Keno City is a small community in Yukon, Canada at the end of the Silver Trail highway. Population was 15 in 2006 (stats Canada census). Keno City was the site of a former silver-lead mining area proximal to Keno Hill. Keno City is 13 kilometres away from Elsa, Yukon, which is owned by Alexco Resource Corp who currently own and operate the various Ag-Pb-Zn deposits in the Keno Hill area. Rich silver and lead ore deposits were found on Keno Hill in 1919, and since then the population of the community has fluctuated in response to the mining activity in the area. When in 1989 United Keno Hill closed the mines, literally overnight, the people in the Keno area who decided to stay chose a more sustainable economy: tourism.

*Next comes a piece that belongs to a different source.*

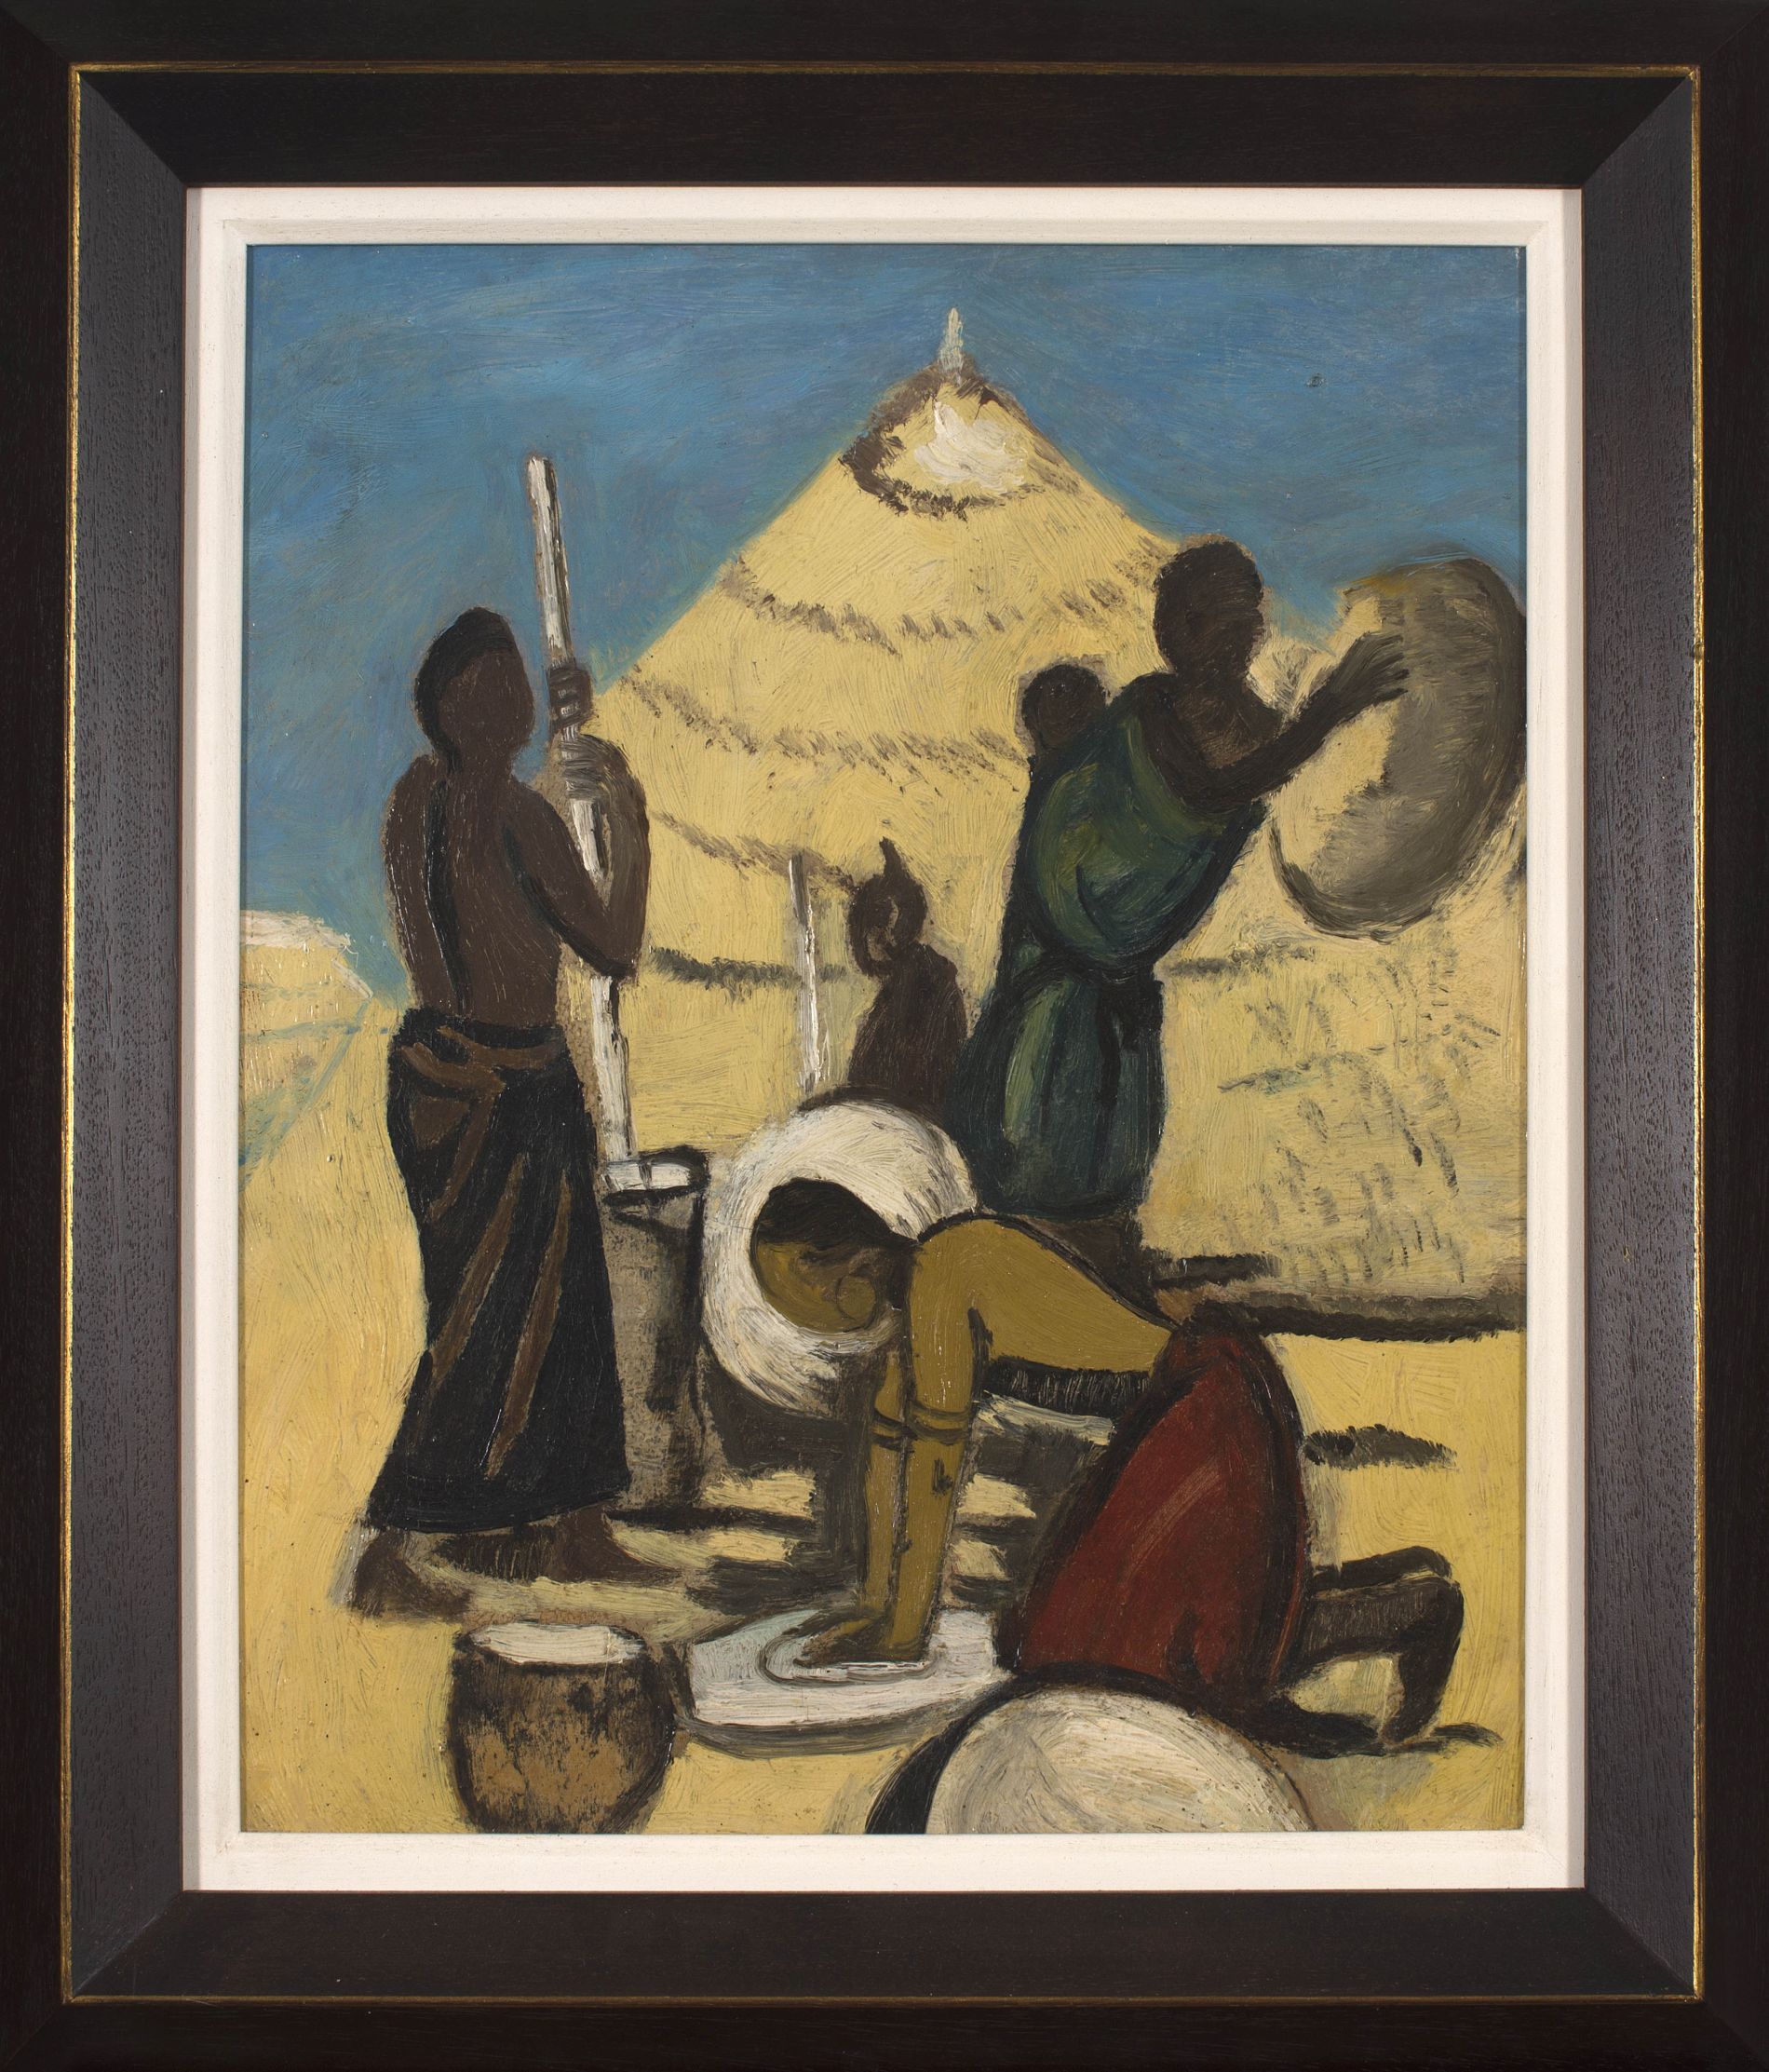 Pranas Domsaitis; Bantu Women Grinding Mealies, recto; Abstract Composition, verso

They successfully marketed Keno City as the quiet, tranquil community. Keno City was named after the gambling game Keno popular in mining camps at the turn of the 20th century. A small placer mining operation is behind Keno City, indicating the present support for active disturbance of earth materials through mining in the vicinity of Keno City. Some people believe that fewer materials will be moved through the new Alexco proposal than have been moved by placer mining around Keno City. The issue, however, is not the amount of material being moved but the placing of an industrial facility (crusher/mill/tailings) close to a residential community.

Keno City has also developed some tourism-based businesses, and its attraction is the Keno Mining Museum with an extensive collection dedicated to the history of mining in Yukon from the early 1900s until the present. The signpost on the top of Keno Hill showing distances to places around the world.

Keno City is located at Mile 69.1 of the Silver Trail, Yukon Highway 11.

The British Yukon Navigation Company sternwheeler, SS Keno, is preserved in Dawson City and protected as a National Historic Site.

The 2004 Kim Barlow album Luckyburden is about Keno City. Two tracks are recorded live at the Keno City Snackbar.